* **YOUR TASK**
In your reply, print every line of the listing exactly and omit all images.

··· COLLECTED MATERIAL

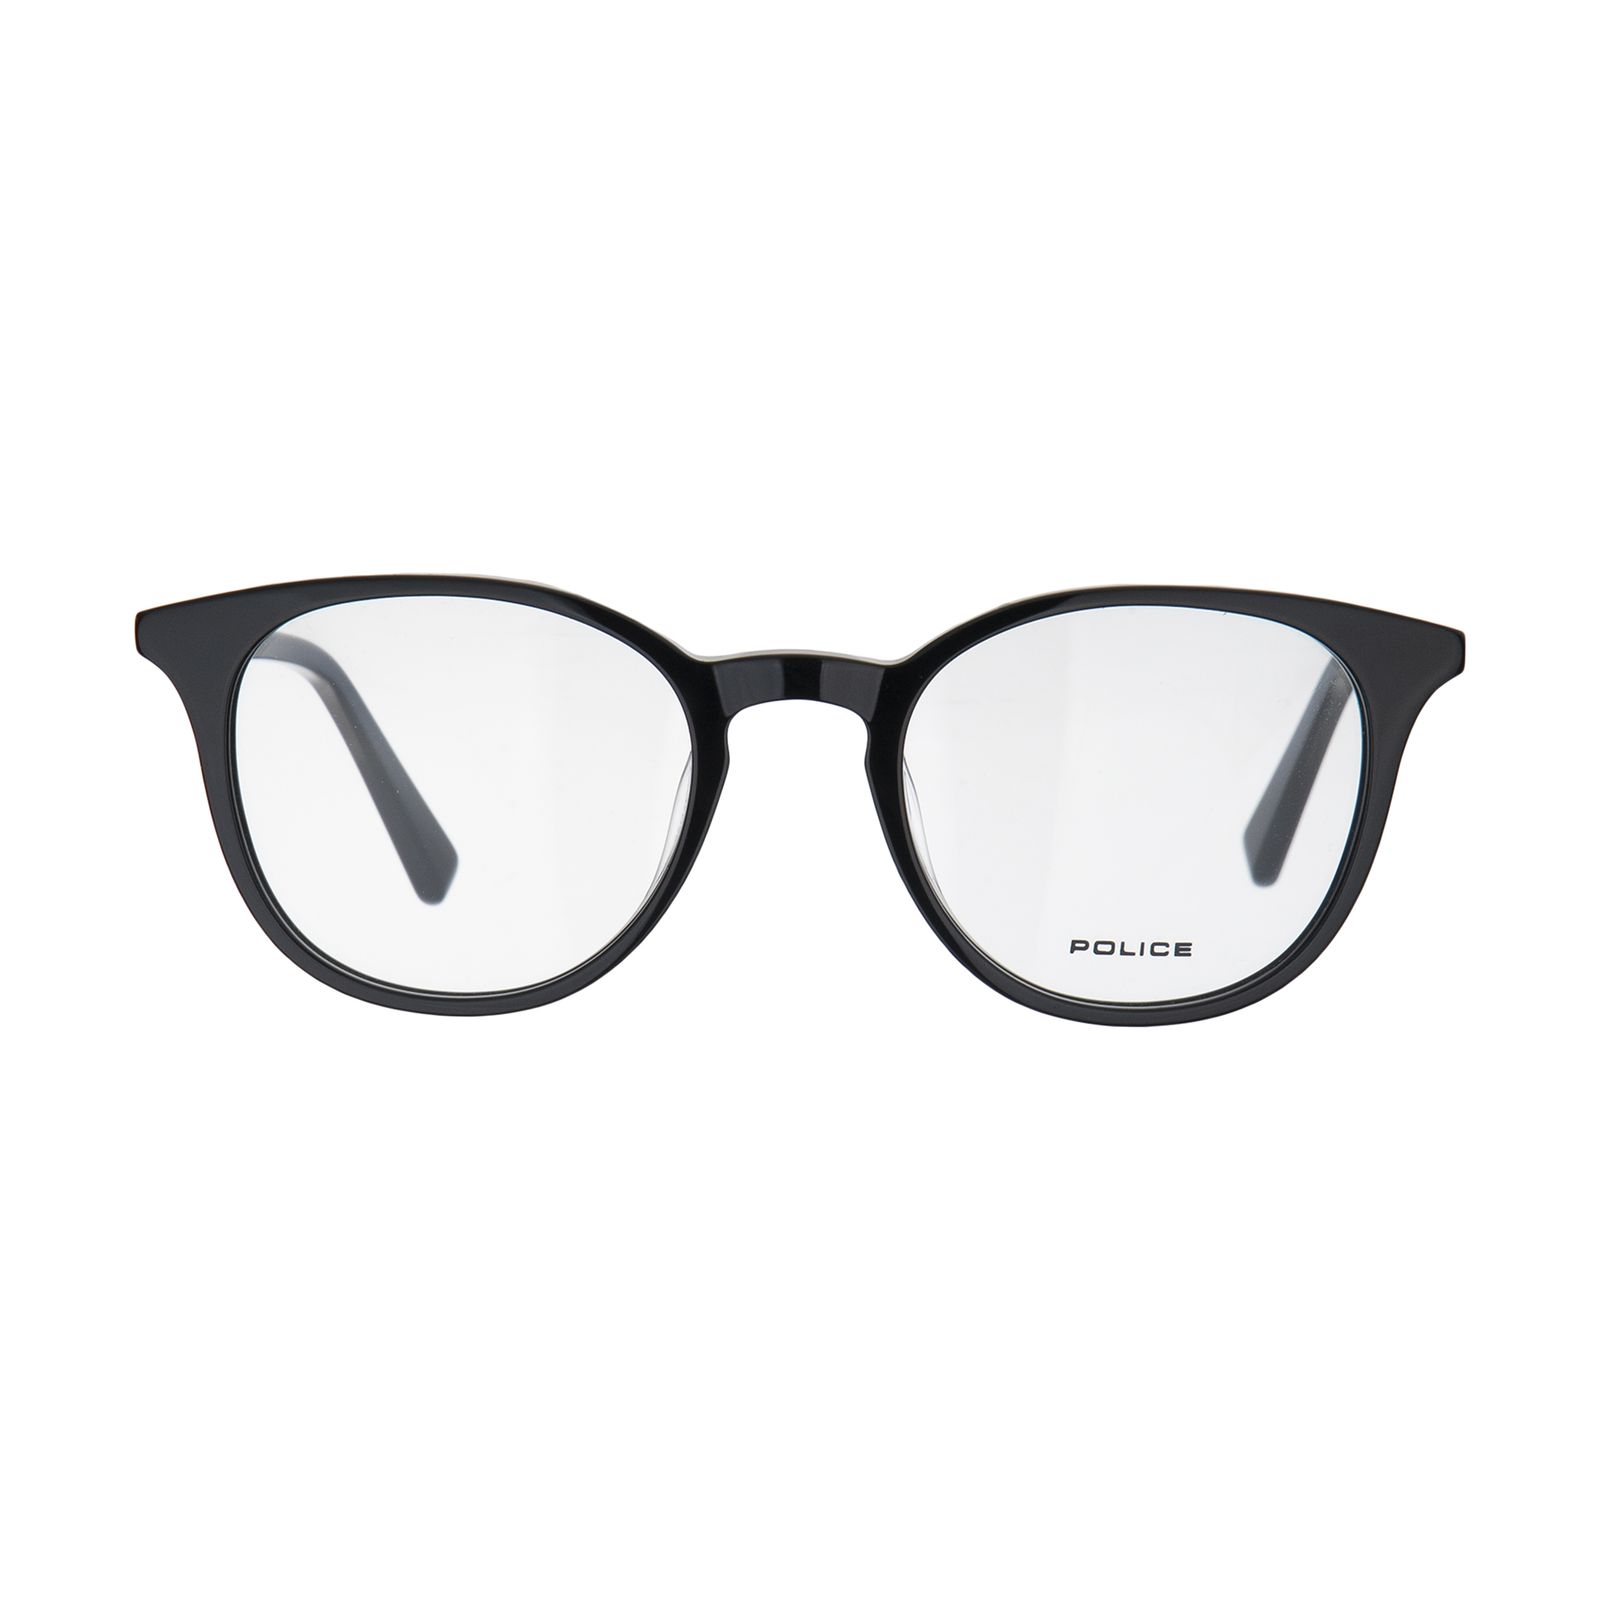 فریم عینک طبی پلیس مدل VPL817-0700 -  - 1
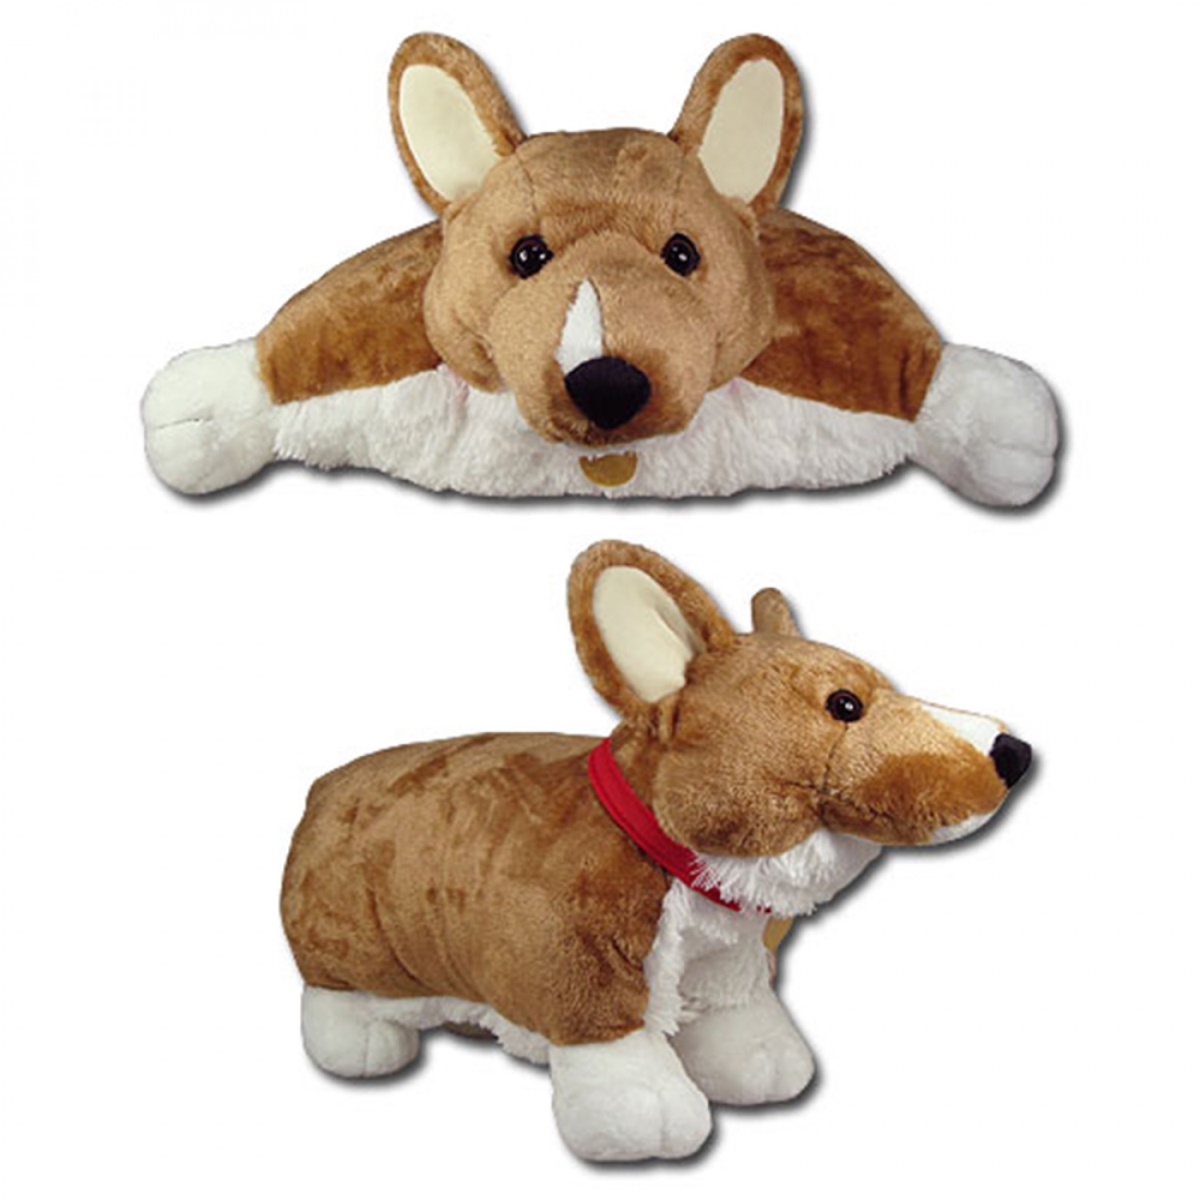 Picture of Cowboy Bebop 846598 Cowboy Bebop Ein Data Dog Transforming Pillow Plush Toy
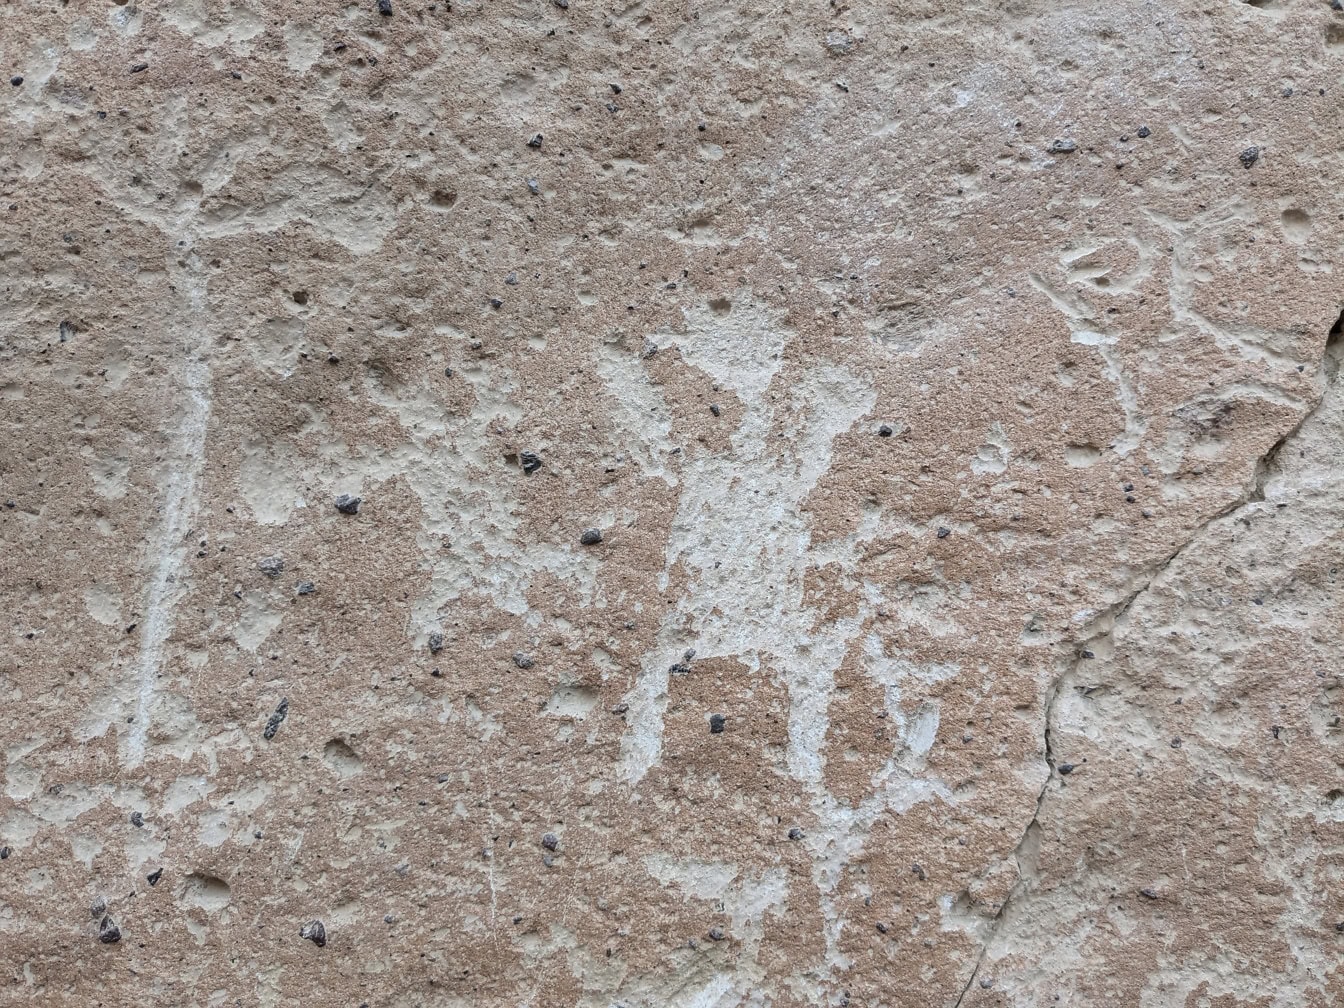 ペルーの石に刻まれたペトログリフのある岩のクローズアップ、石器時代の芸術

······

* **OUTPUT FOR THIS EXERCISE**
 فریم عینک طبی پلیس مدل VPL817-0700 -  - 1
 Picture of Cowboy Bebop 846598 Cowboy Bebop Ein Data Dog Transforming Pillow Plush Toy
 ペルーの石に刻まれたペトログリフのある岩のクローズアップ、石器時代の芸術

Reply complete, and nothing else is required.